Changes during inflorescence development in the content of various GAs in the shoot apex of L. temulentum exposed to 2 LD (Expt. Lt 447). Harvests were at the start (8:30 am) of each daily 8-h sunlight exposure. a, GA content is shown as ng g−1 dry weight; b, GA content is shown as ng per apex, together with apex dry weights (×).
For vegetative SD apices, there was some diurnal increase in GA5 content in one experiment (Lt454) but not in the other two (Fig. 1). In contrast to GA5, the content of GA19 in the same apices showed relatively little variation, with no obvious distinction between SD and LD treatments (Fig. 1). GA24 content was relatively unchanged or increased by between 30% and 90%, little or no GA1 or GA4 could be detected, and GA9 content dropped 3-fold (data not shown).
Longer term trends in GA content are shown in Figure 2 for daily samples taken at the start of each day (8:30 am) up to the stage of floret formation at 18 d. As the inflorescence differentiated, GA content per gram dry weight declined (Fig. 2a), but for any one GA the total content per apex remained high or increased up to 10 d (Fig. 2b). Due to increased apex weight associated with inflorescence differentiation (40-fold dry weight increase by the last harvest in Fig. 2b), the late decline in GA content per gram dry weight shown in Figure 2a therefore represents, in part, a late “dilution” of the GAs. It is noteworthy that apex dry weight was constant over the first 3 d after LD exposure (Fig. 2b) and did not change diurnally (data not shown). Thus, the early changes in Figure 1 in GA5 content (“concentration” in Fig. 2a or “amount” in Fig. 2b) relate solely to its metabolism.
To confirm the evidence in Figure 2a of a fall in GA5 content by 4 or 5 d after the start of the LD, three experiments were carried out with daily harvests at the diurnal maxima at 4:30 pm. All confirmed the findings in Figure 2 in that there was a clear doubling in the content of GA5 by 56 h from the start of the LD followed by a fall (data not shown).

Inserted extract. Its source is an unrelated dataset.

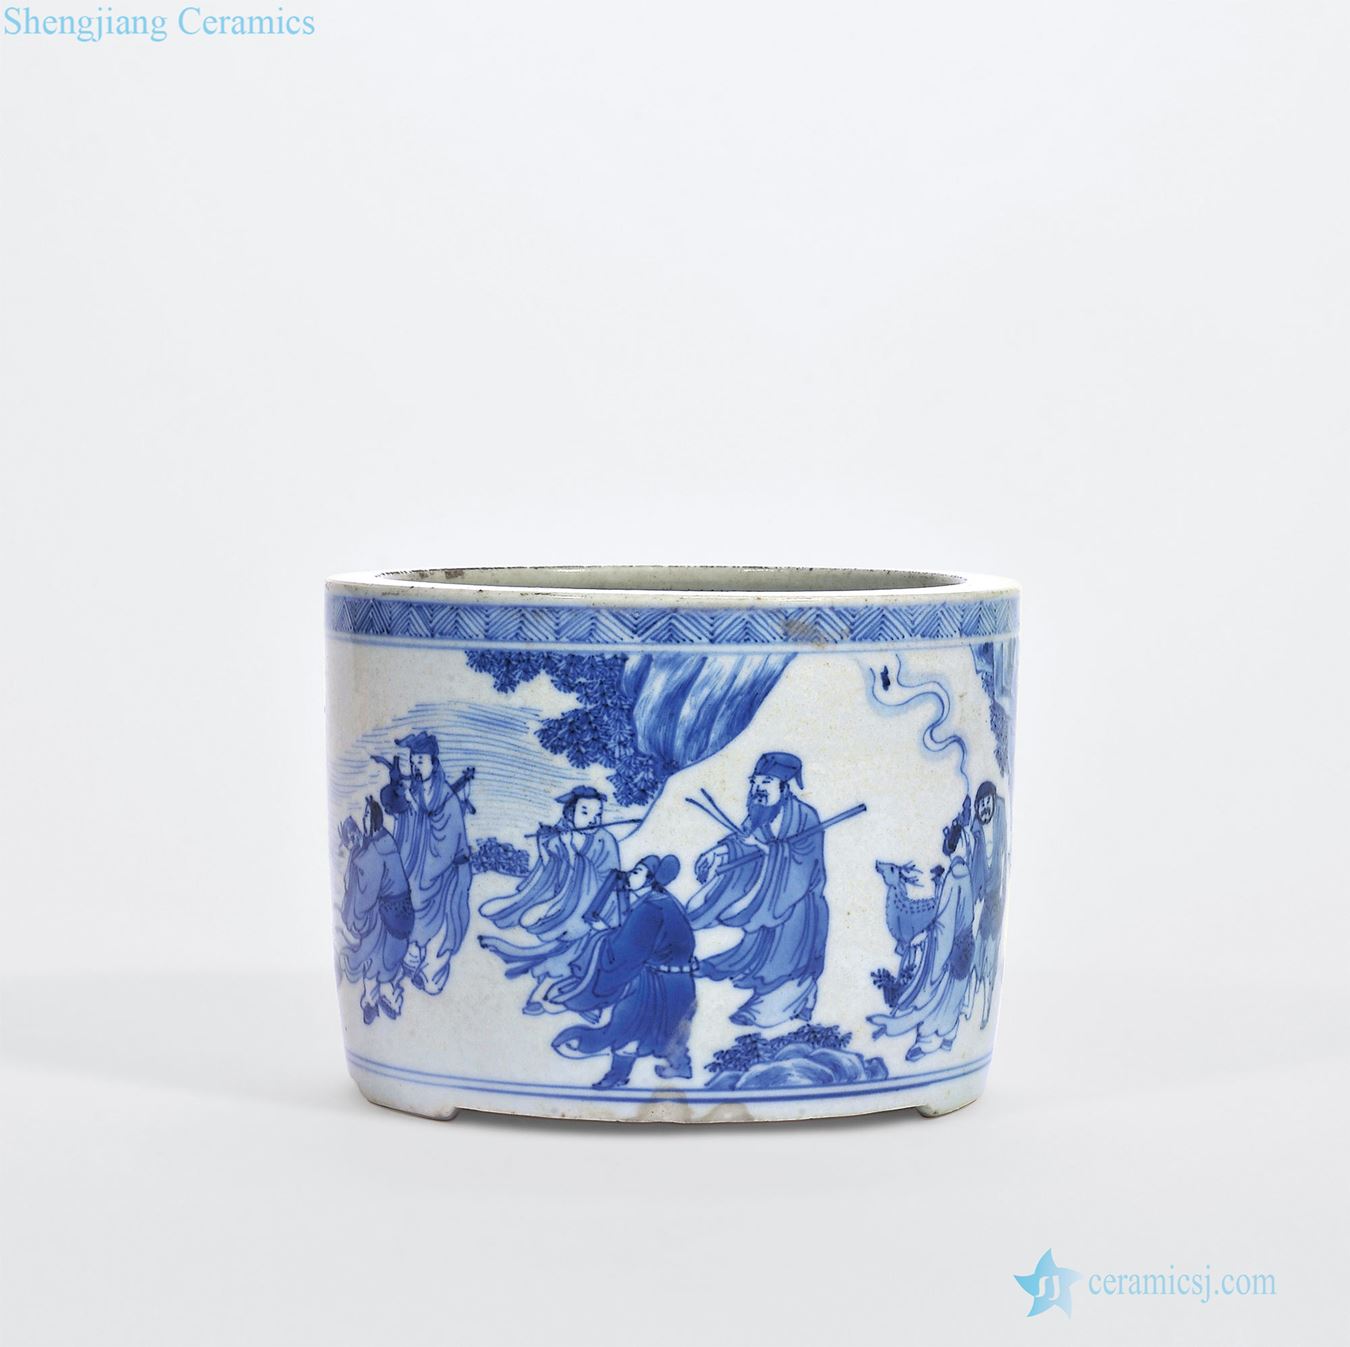 The qing emperor kangxi in the early Blue and white the eight immortals celebrates the life of furnace with three legs

Changes at Later Times in GAs at the Shoot Apex
Three days after the start of two LD, the content of GA1 and GA4 increased, whereas that of GA5 and GA19 began to decrease 1 d later (Fig. 2). These findings were confirmed in a further experiment (not shown).
Although inflorescence initiation and flowering of L. temulentum results from exposure to only 1 LD, repeated cycles accelerate floral development, as shown in Figure 3. This enhancement was evident soon after the LD exposure and was matched by the earlier appearance of floral organs (Fig. 3) and by a faster increase in apex dry weight (right-side column in Fig. 3). Plants kept in SD remained vegetative with a final apex length of less than 1.0 mm. Such results confirm the increased flowering response with extra LD (Evans, 1960) and the close relation between shoot apex length and mass previously reported (Rijven and Evans, 1967), which we have used to establish the weight of our batches of apices harvested for GA analysis (see “Materials and Methods”).
Figure 3.
Effect of increasing numbers of LD on shoot apex length (mm) for L. temulentum (Lt449). Measurements continued until 21 d after the first exposure to up to 5 LD. The error bars were smaller than the symbols. For each daylength treatment, apex dry weight (μg) was determined at 21 d on batches of 20 apices. Plants held in SDs remained vegetative and apex dry weight and length increased relatively little over 3 weeks. These dry weights along with values at earlier harvests were used in deriving a relationship between apex length and weight (see “Materials and Methods”).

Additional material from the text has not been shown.